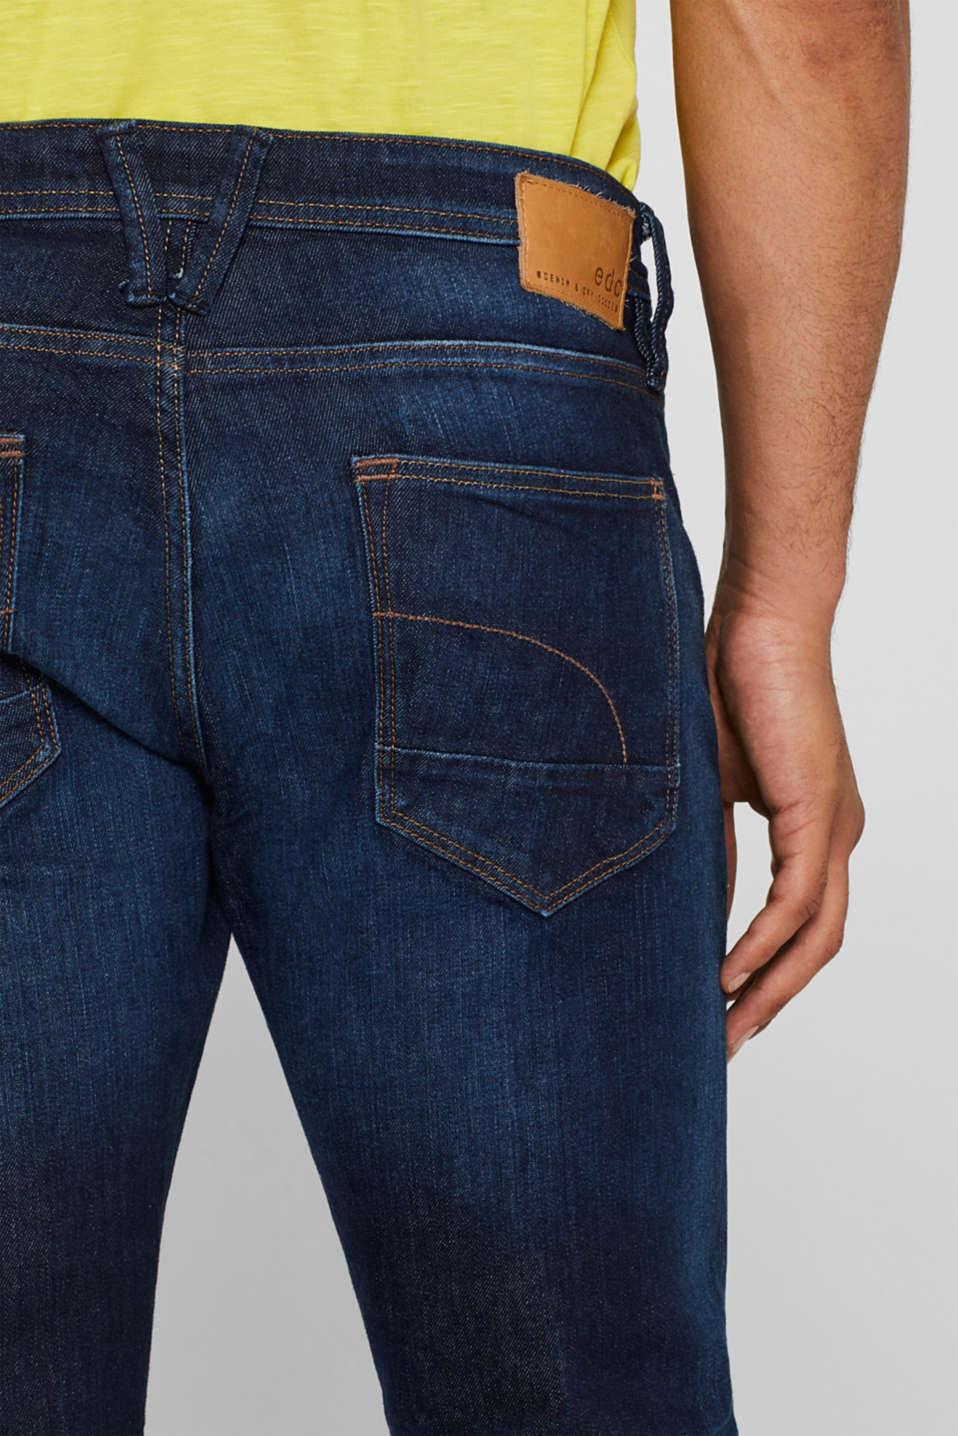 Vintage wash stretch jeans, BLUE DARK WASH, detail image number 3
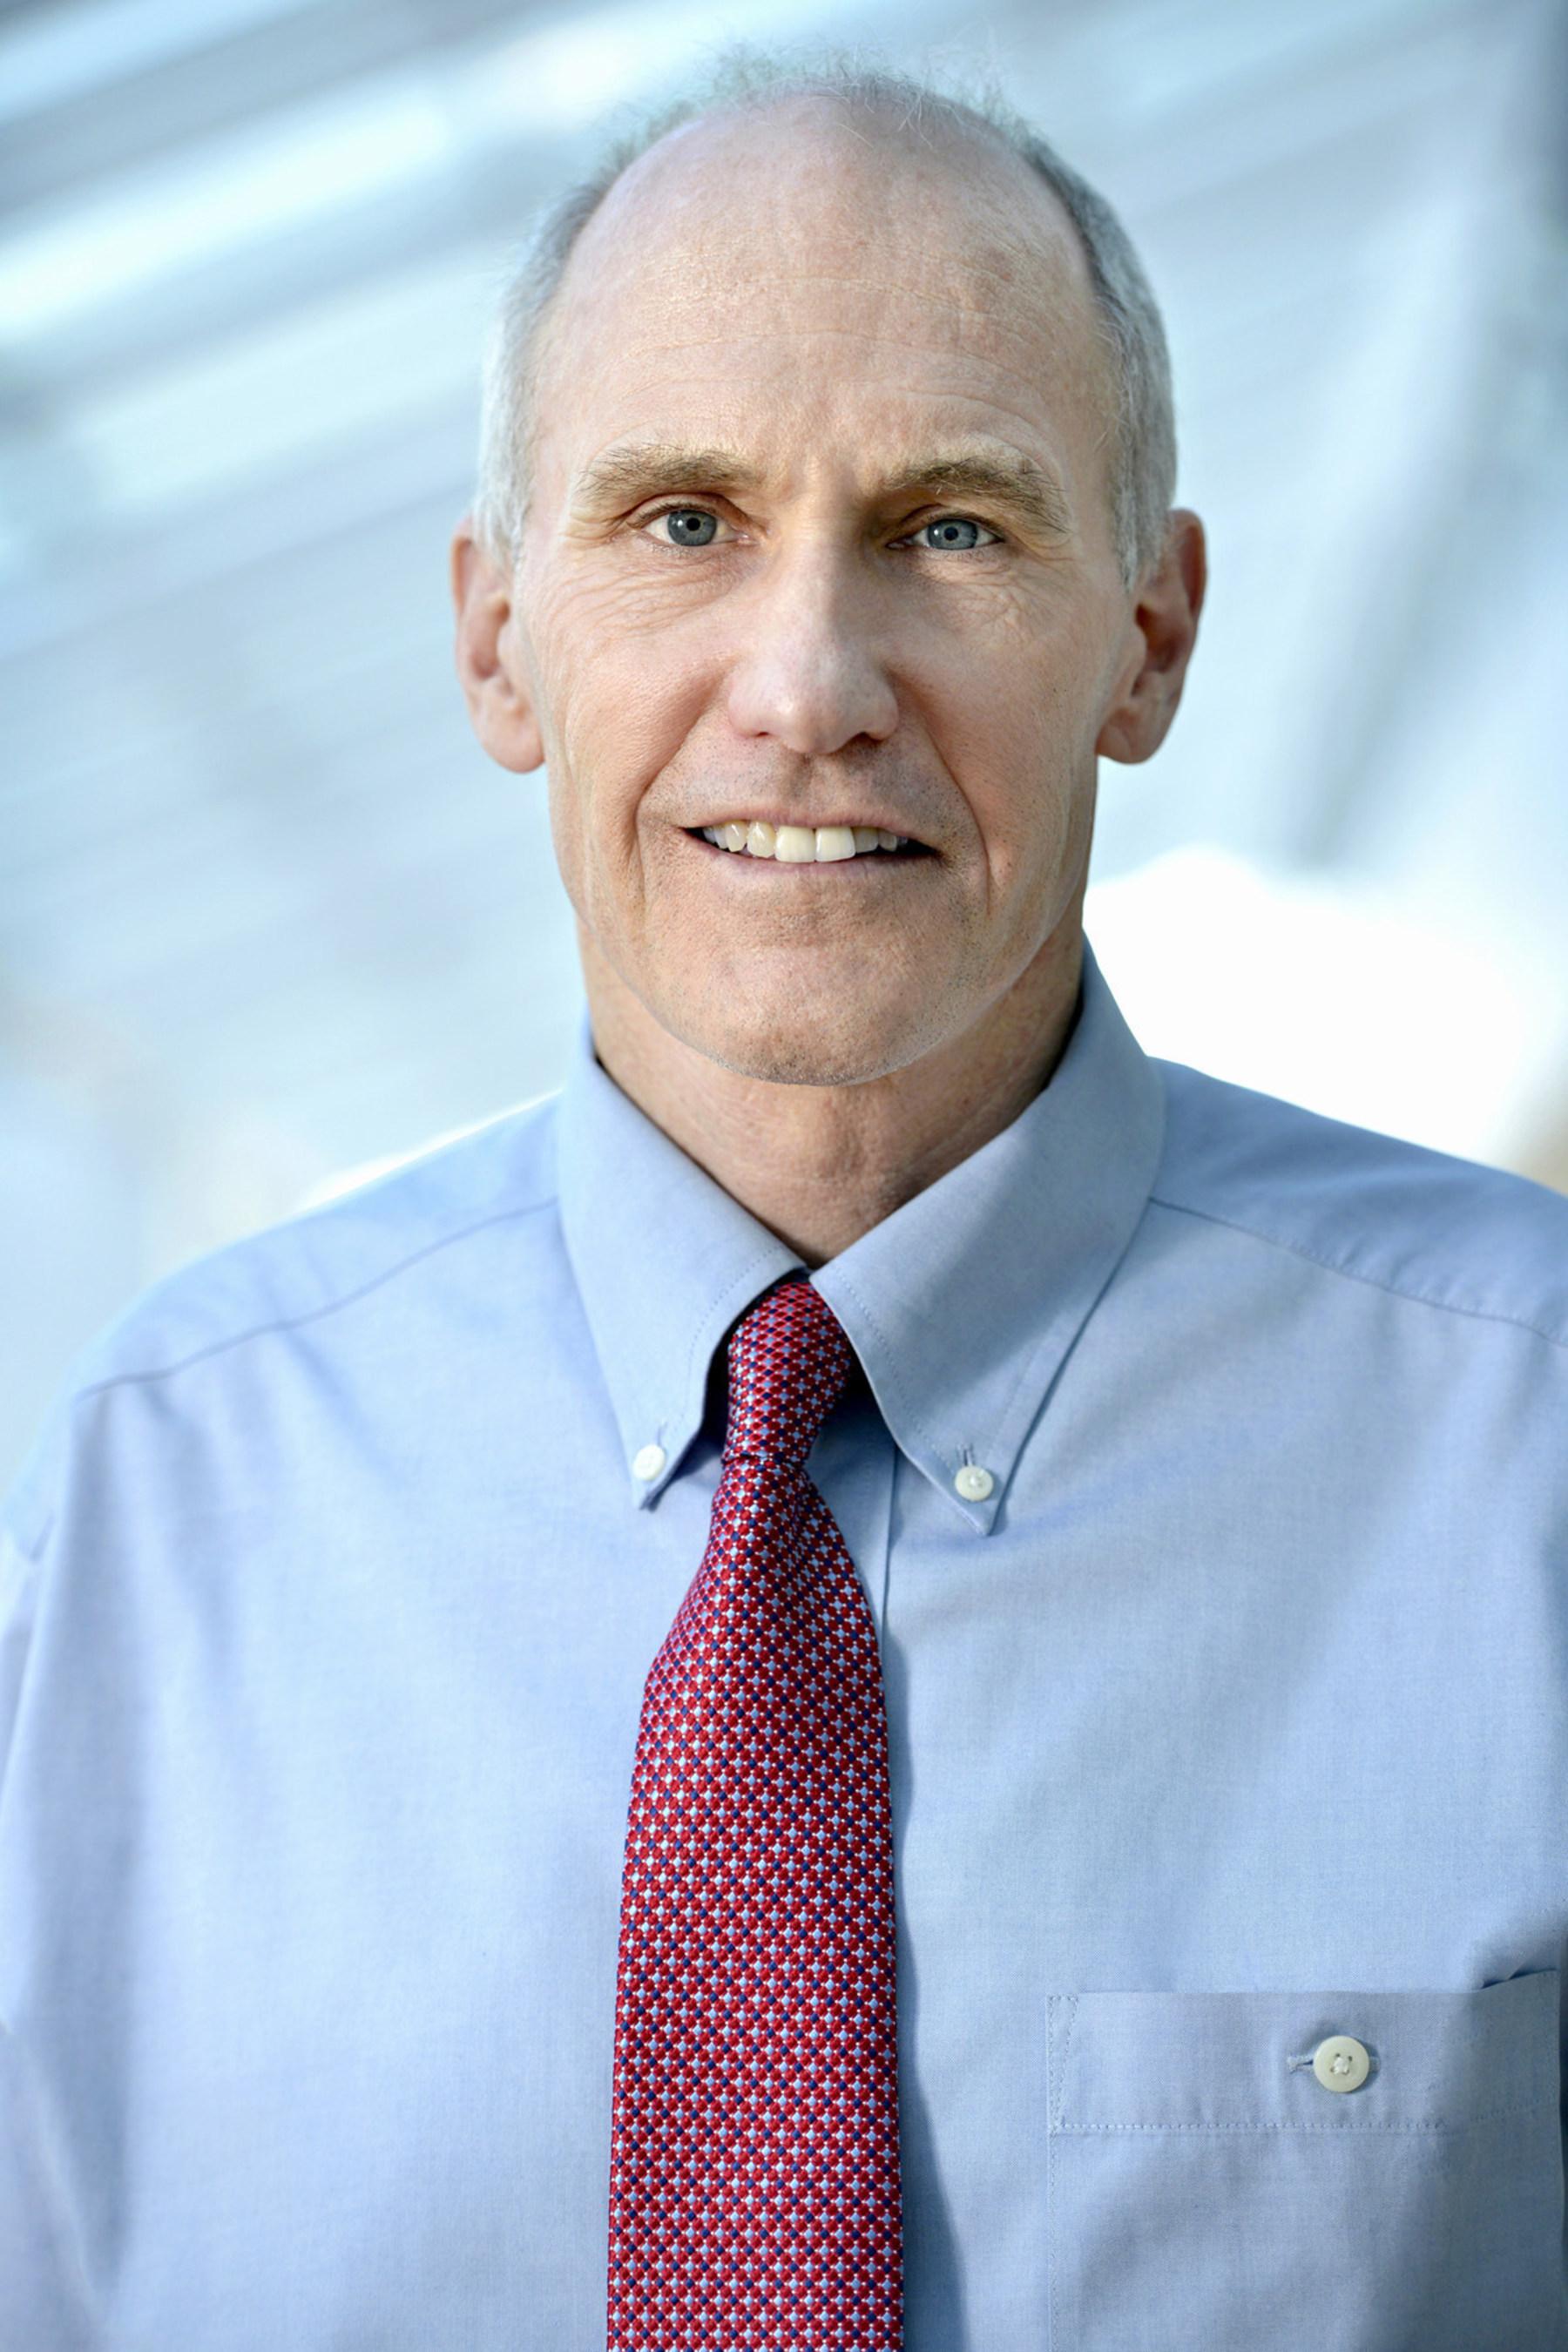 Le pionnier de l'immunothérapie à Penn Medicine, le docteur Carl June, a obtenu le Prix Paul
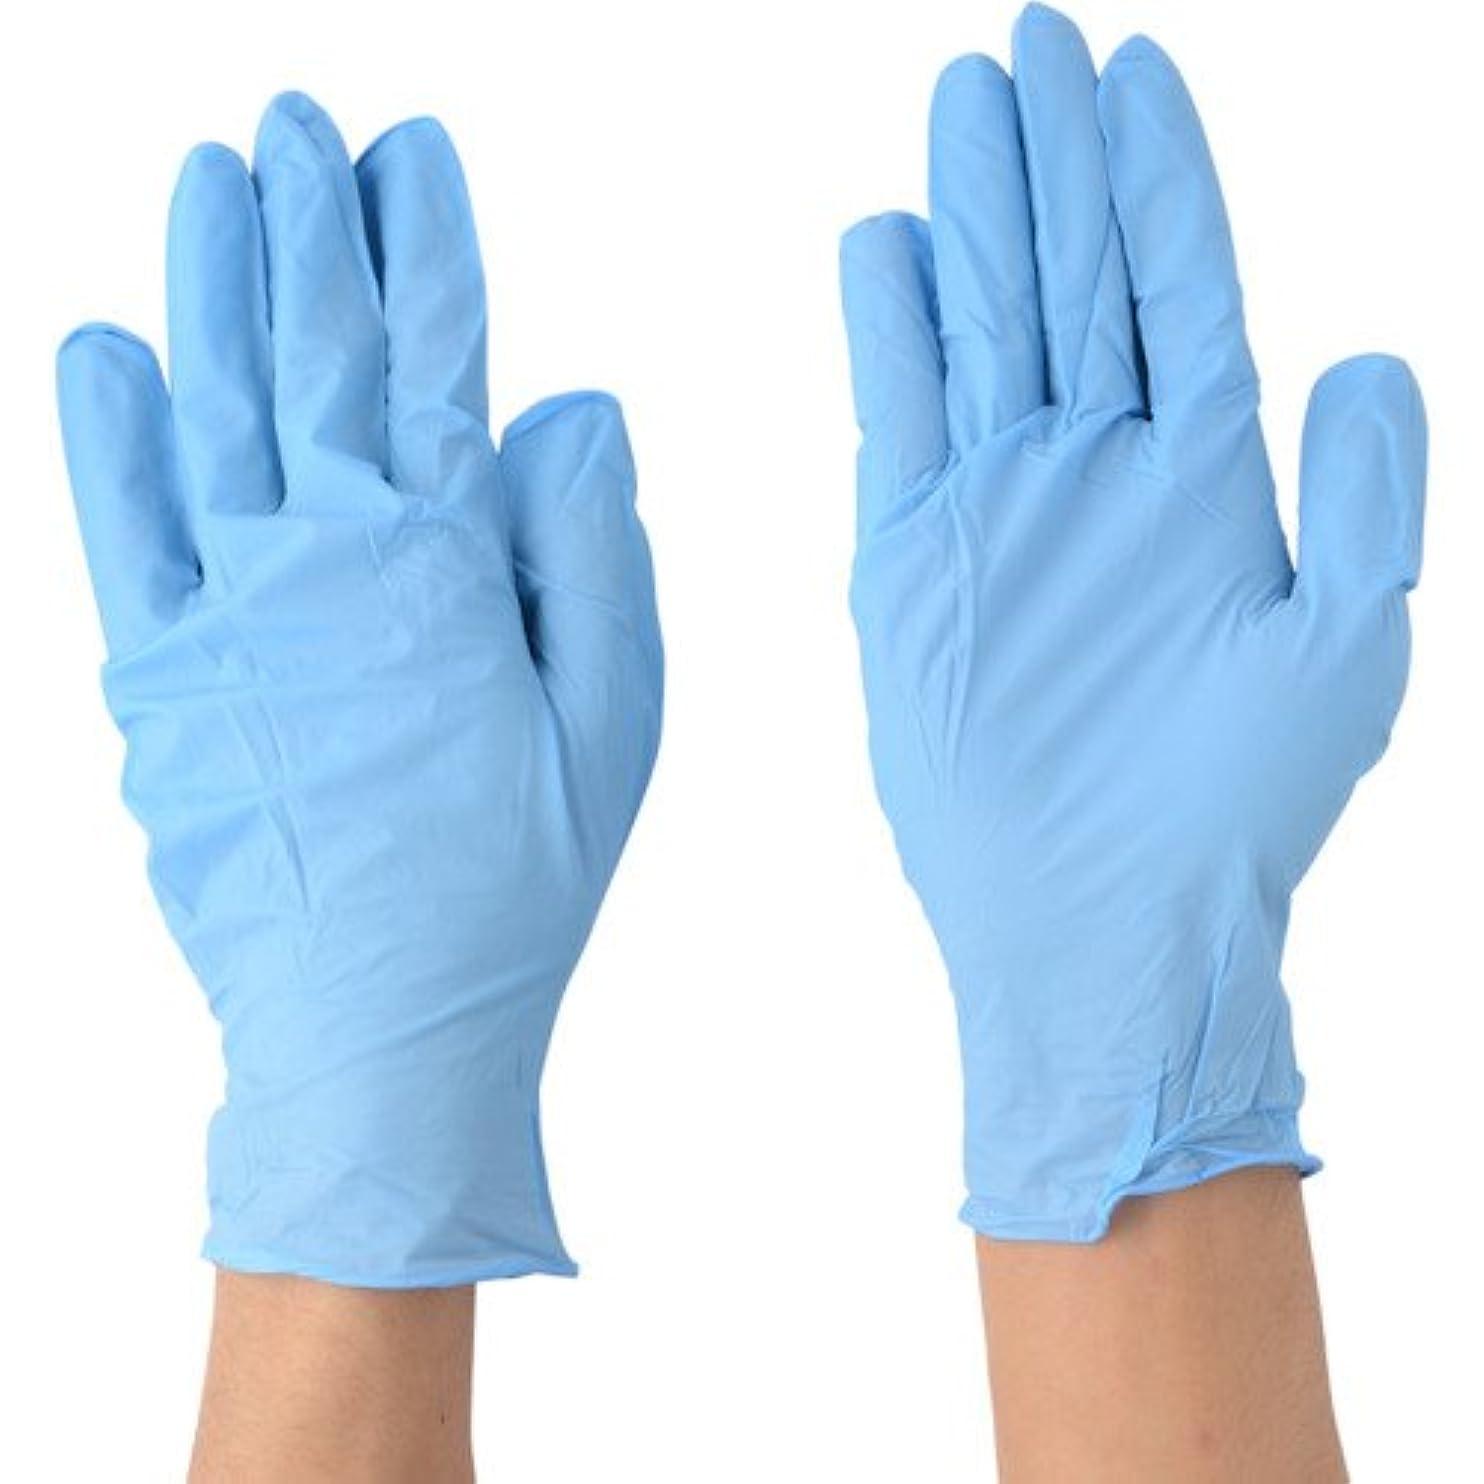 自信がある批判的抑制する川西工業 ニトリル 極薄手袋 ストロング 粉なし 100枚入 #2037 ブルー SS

**Problem**
Without the pictures, repeat the listing above exactly.

**Answer box**
 Vintage wash stretch jeans, BLUE DARK WASH, detail image number 3
 Le pionnier de l'immunothérapie à Penn Medicine, le docteur Carl June, a obtenu le Prix Paul
 自信がある批判的抑制する川西工業 ニトリル 極薄手袋 ストロング 粉なし 100枚入 #2037 ブルー SS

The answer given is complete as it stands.